A German academic has unearthed evidence showing former U.S. Secretary of State Henry Kissinger once discussed a coup with disgruntled Nazis to overthrow the West German government in the 1970s.
Kissinger and Richard Nixon were aggrieved at the left-leaning government of the day’s burgeoning friendship with the hardline East German government.
Kissinger became the contact man for a secret spy network made up of old Nazis and elite aristocrats aimed at torpedoing the plans formulated by Chancellor Willy Brandt.
By the end of 1970, Kissinger was offering the spies advice on how to deal with Brandt’s Social Democratic government.
The group he became embroiled with was called ‘The Little Service’ and was formed by the conservative Christian Democratic Union (CDU), which was allied with Bavaria’s Christian Social Union.
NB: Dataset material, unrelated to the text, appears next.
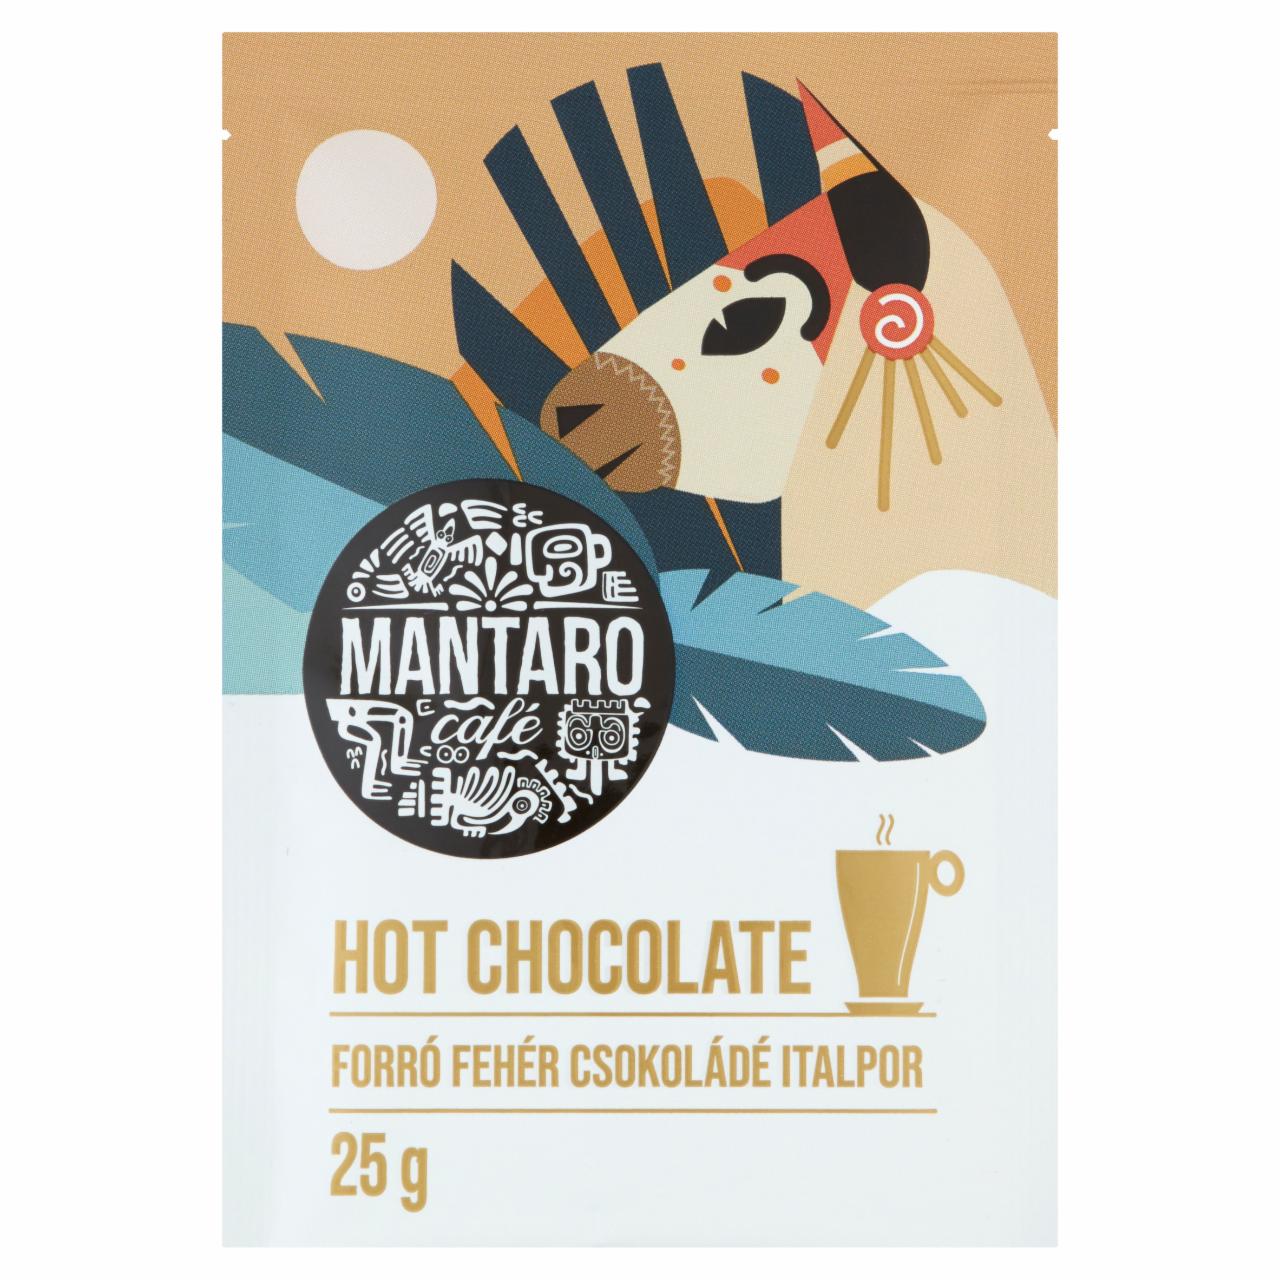 Képek - Mantaro Café Hot Chocolate forró fehér csokoládé italpor 25 g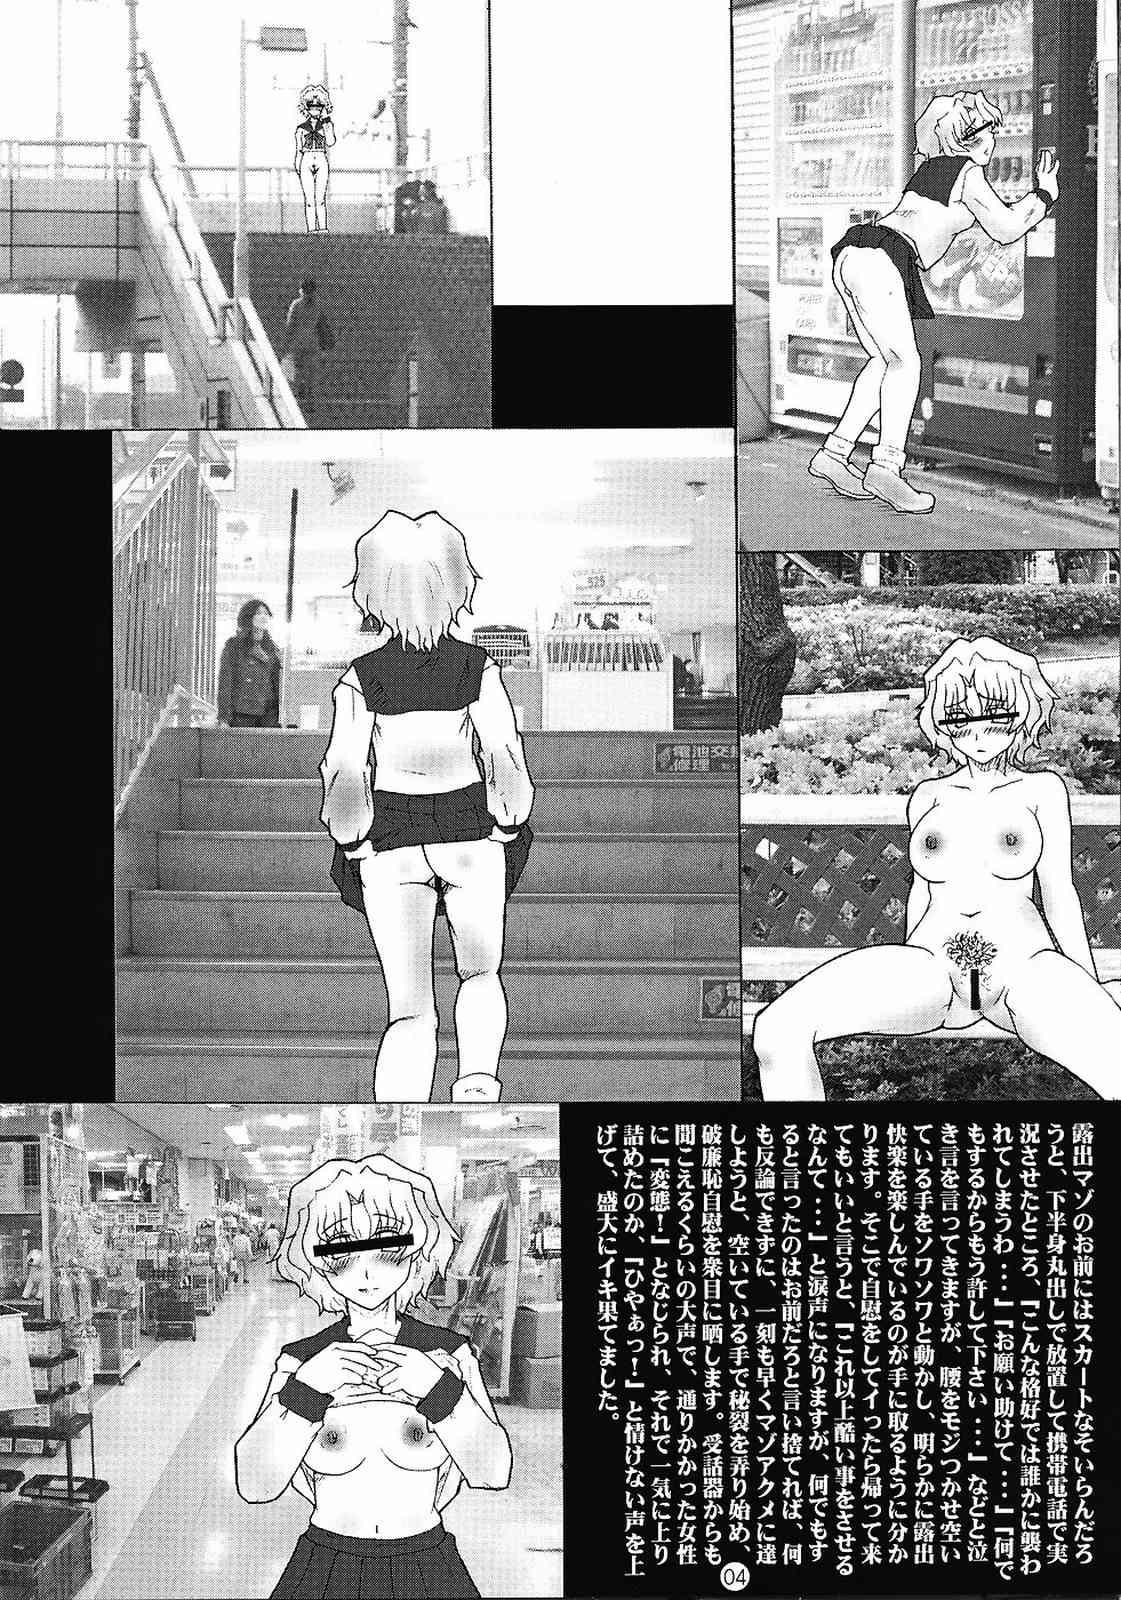 Stepsiblings Action Hakagijuku vol.0.5 - Toheart2 Shaved - Page 4

One agent who visited Kissinger quoted him saying, ‘It might be possible to overthrow the current government, but it remains to be seen whether this would involve risks which could put a Christian Democratic Union (CDU)/ Christian Social Union (CSU) government in great difficulty.
Whether Kissinger, the architect of the disastrous secret bombing of Cambodia in the Vietnam War which paved the way for the Khmer Rouge regime and its hideous genocide programme, approved of the plan to usurp the elected government of the day is unclear.
The group he became embroiled with was called ‘The Little Service’ and was formed by the conservative CDU party.
Brandt pursued a policy of engagement with the German Democratic Republic, convinced it was better to build bridges with the dictatorship to defuse Cold War tensions rather than always being at loggerheads. For the all-white, all male conservatives of the CDU, this was too much.
They wanted West Germany to face off against the Soviet-backed regime in the belief that isolation would make it crumble. It was out of this belief that its private spy organisation, made up of many former Gestapo and SS men as well as titled barons and counts, was formed.